Walt Disney Company Extends CEO Bob Iger’s contract for two years, extending his term through 2026. After the news, the company’s stock price remained largely unchanged. Iger told CNBC in February that he did not intend to stay in office beyond two years, which would end in 2024. Iger returned to Disney in November, succeeding Bob Chapek, who was appointed CEO in early 2020. Iger had plans to prepare his next successor during his new term as CEO. The succession process remains a key issue for Iger, who said in a statement Wednesday that the company’s board continues to evaluate candidates for the position. “I want to make sure Disney is in a strong position when my replacement takes over,” Iger said of the contract extension. “The importance of the inheritance process cannot be overemphasized.”

But Mr. Iger has delayed making a succession decision before. From 2013 to 2017, he renewed his tenure as CEO four times after announcing his retirement. Mr. Iger’s second tenure at Disney coincided with a change in his media legacy. Big companies like Disney are having to navigate a rapidly changing landscape as advertising dollars dry up and consumers increasingly opt for streaming and ditch cable contracts.

Still, rising spending and consumers becoming more aware of their media spending have made the streaming space difficult to navigate in recent quarters. Netflix, Disney, Warner Bros. Discovery and Paramount Global valuations nearly halved in 2022 as streaming subscribers dwindle, but some stocks rise, along with the broader market, in the first half of the year bottom.

Since his return, Iger has embarked on a major restructuring of the company, including laying off 7,000 people.

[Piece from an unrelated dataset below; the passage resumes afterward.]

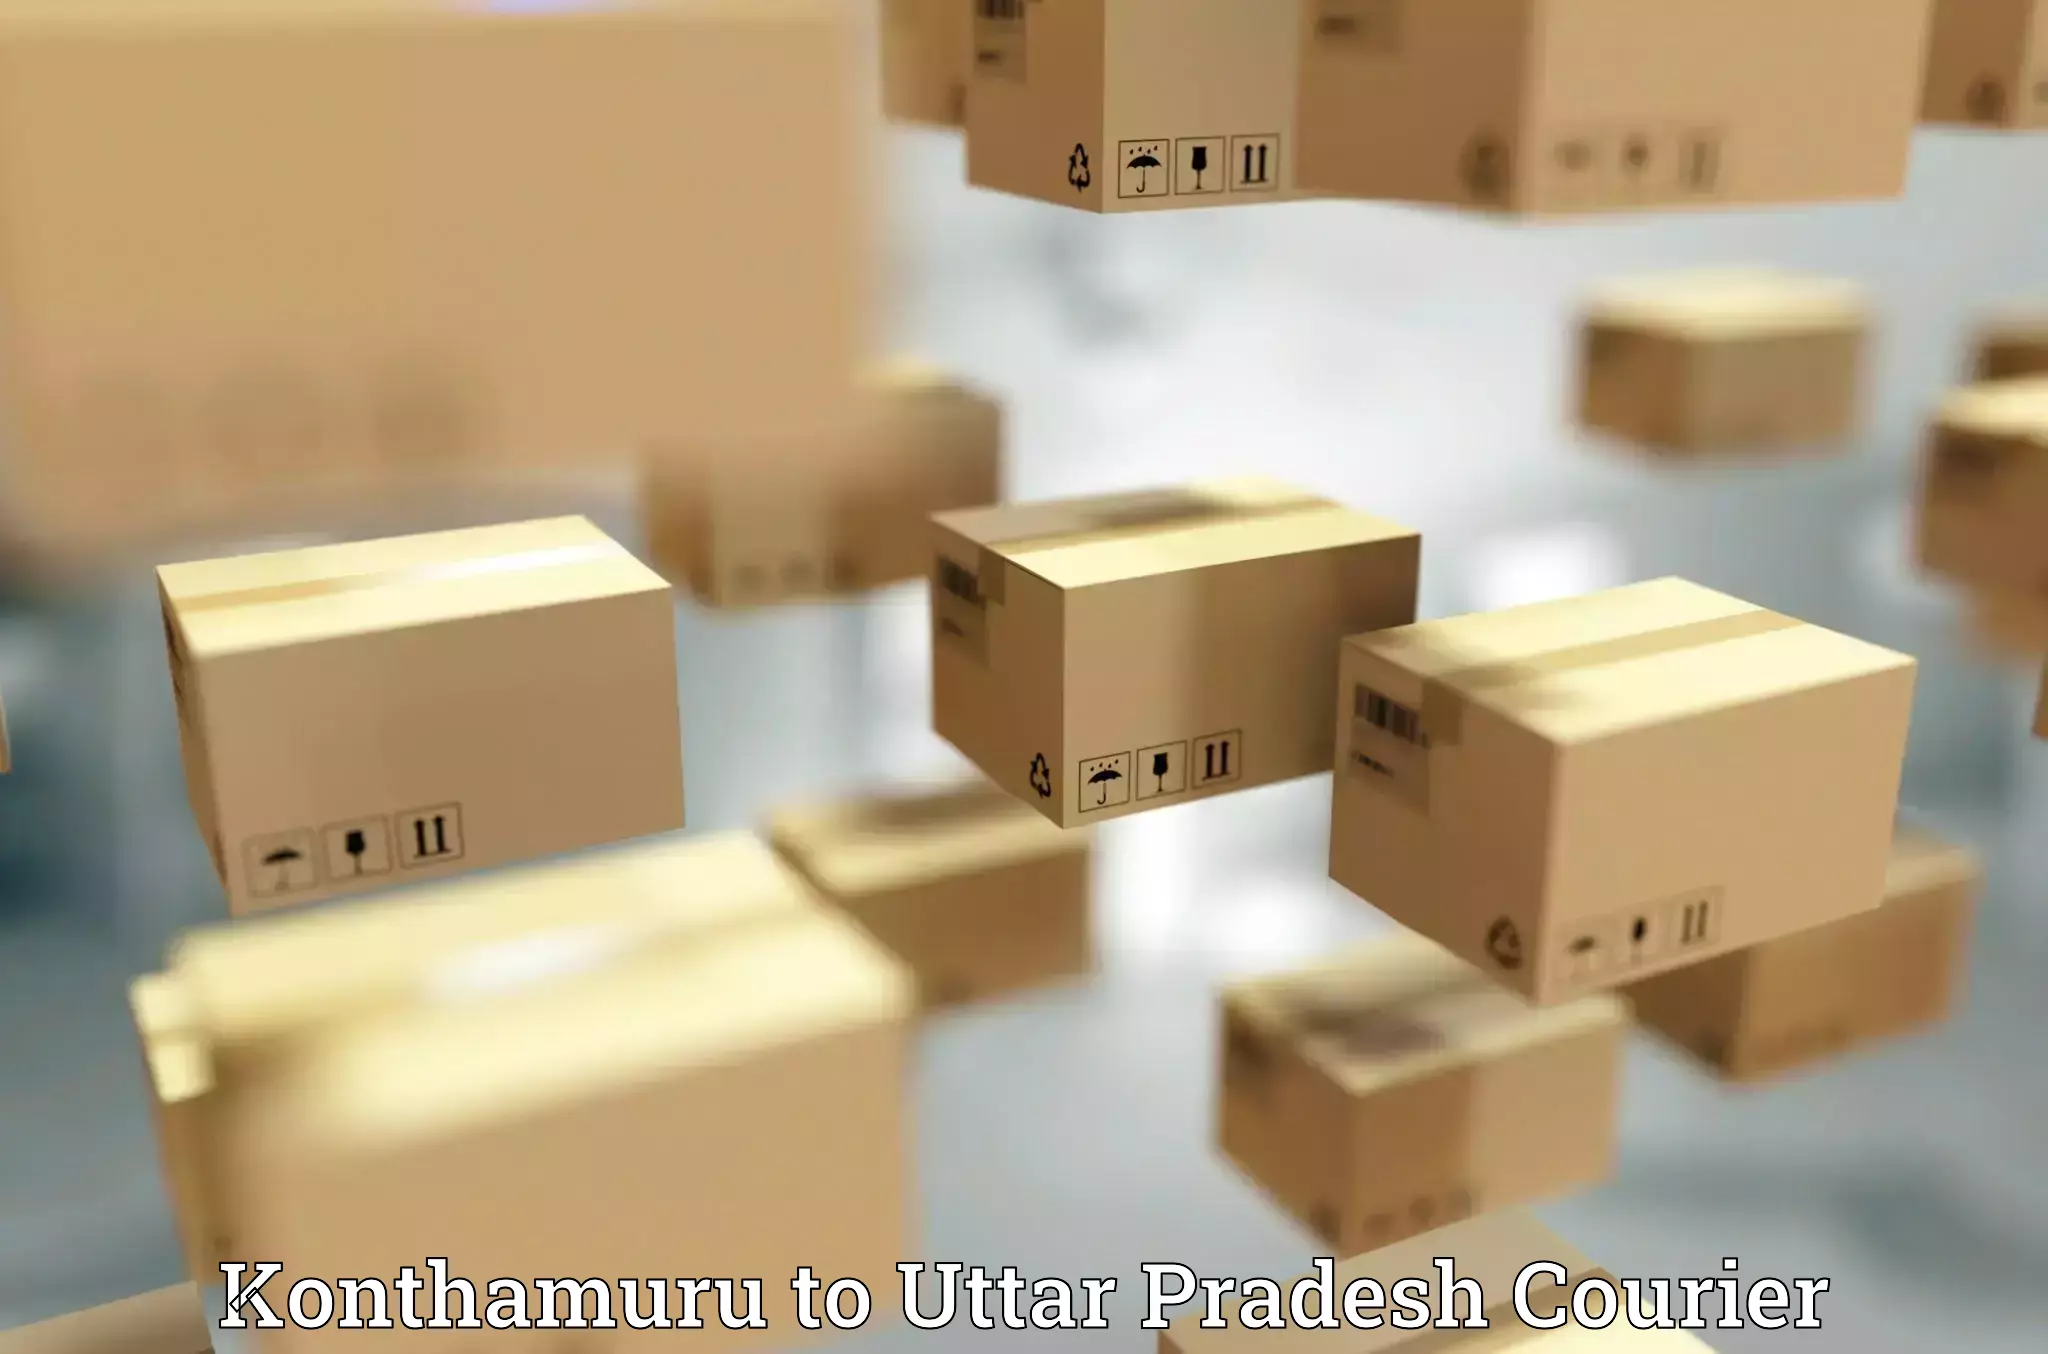 Efficient parcel tracking in Konthamuru to Mathura
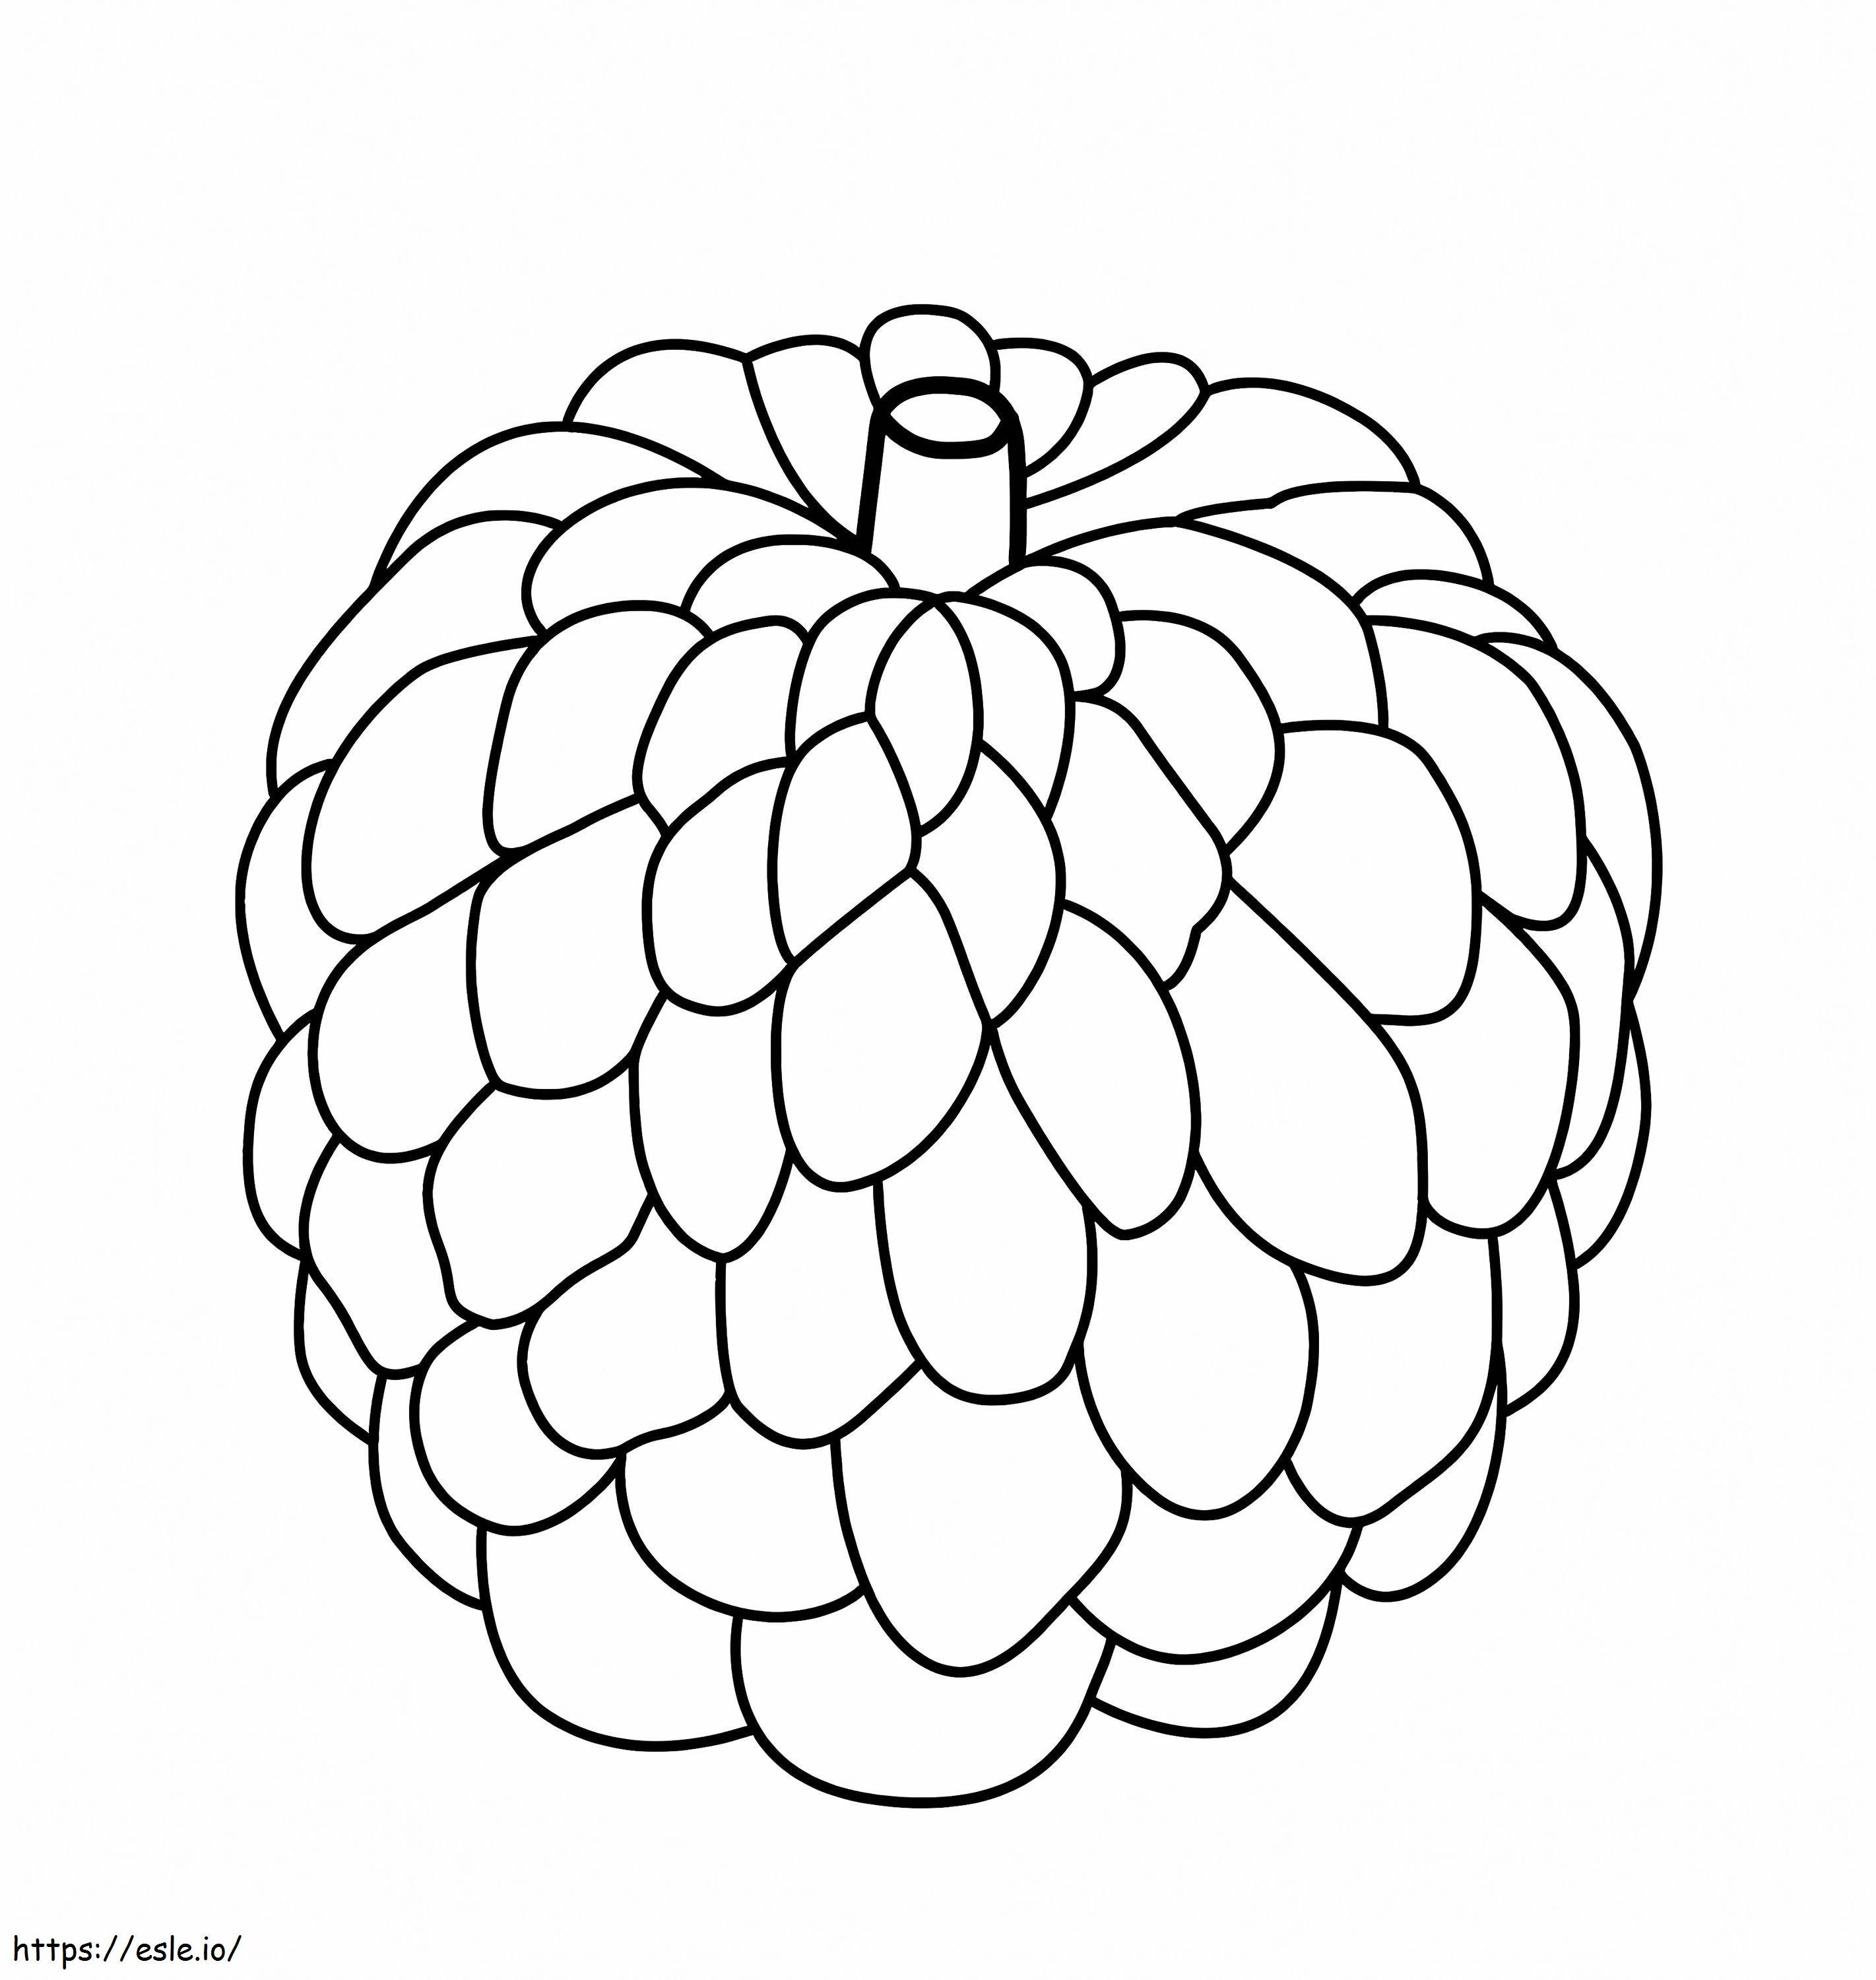  O cremă de măr A4 de colorat

“We’ve made important and sometimes difficult decisions to address some existing structural and efficiency issues, and I’m proud of what we’ve been able to achieve together,” Iger wrote in a memo to employees that was obtained by CNBC on Wednesday. “But there is more to accomplish before this transformative work is complete, and I am committed to seeing this through.”

Disney has been pulling programming from its streaming services to save money. The company is also trying to pull its animation business out of a major rut, as its latest Pixar movie, “Elemental,” recorded the lowest opening weekend gross for the studio since the original “Toy Story” premiered in 1995. When Disney recently finished laying off 7,000 employees, it saw the departure of veteran Chief Financial Officer Christine McCarthy.

“Bob has once again set Disney on the right strategic path for ongoing value creation, and to ensure the successful completion of this transformation while also allowing ample time to position a new CEO for long-term success, the board determined it is in the best interest of shareholders to extend his tenure, and he has agreed to our request to remain Chief Executive Officer through the end of 2026,” said Mark Parker, Disney’s chairman.